The Result: The AI learned to be a "Male Listener." Even though the AI didn't know the gender of the people who rated the voices, it started predicting scores that matched the men's opinions much better than the women's.
The Metaphor: Imagine a student trying to guess the answer to a test by looking at the teacher's key. But the teacher's key was actually written by a committee where the men's opinions were louder. The student studies hard and becomes an expert at guessing what the men think, but they fail to understand what the women think.
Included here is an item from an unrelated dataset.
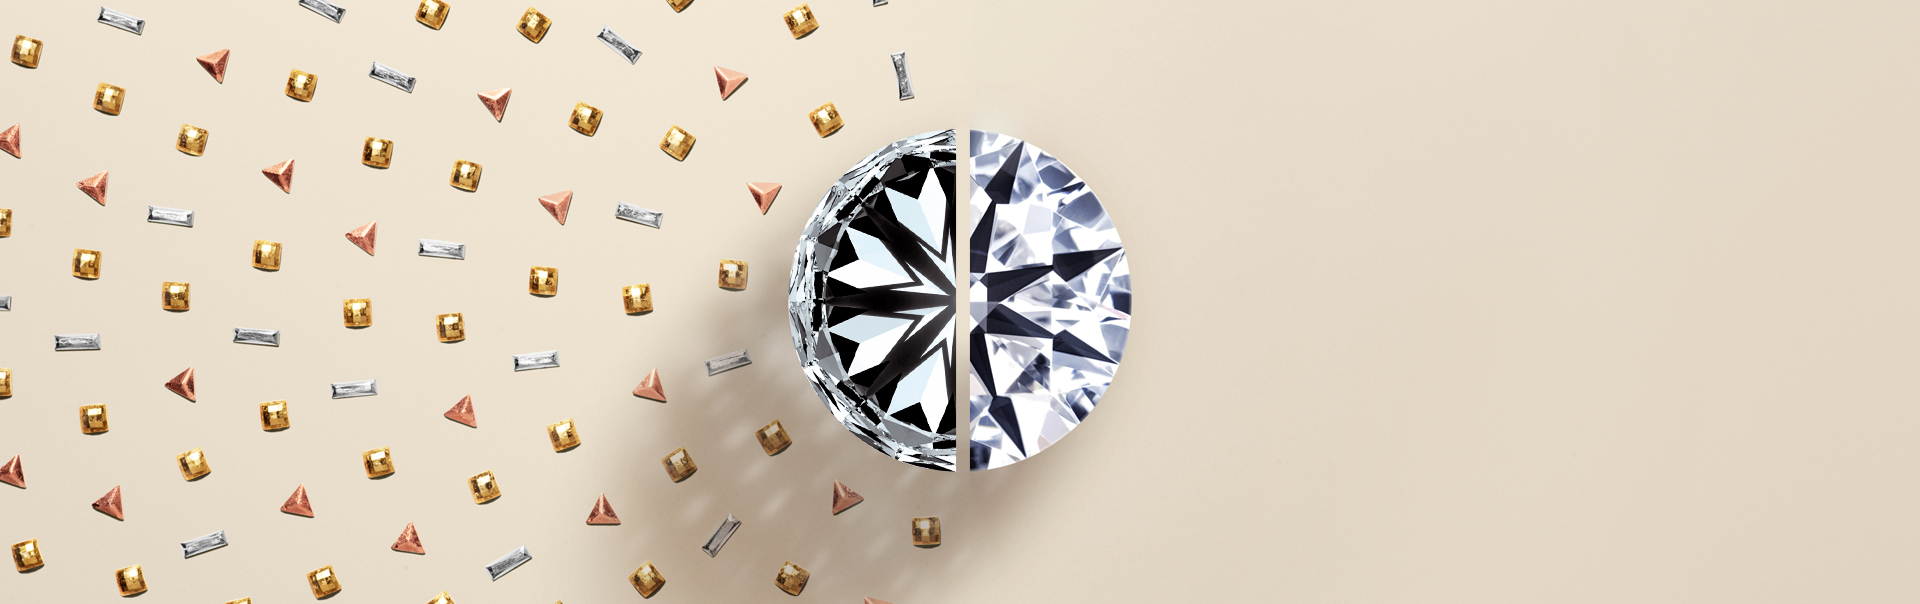 63d0602577 Shop Engagement Rings and Loose Diamonds Online | JamesAllen.com

The AI became biased without even knowing it.

3. The Solution: The "Split-Brain" AI

To fix this, the researchers built a new kind of AI, which they call MOS-Bias.

How it works: Instead of asking the AI to give one single score, they gave it a "Split-Brain" architecture.
- Brain A tries to predict the "Average" score.
- Brain B is told to pretend it is a specific group (like a man) and predict what that group would score.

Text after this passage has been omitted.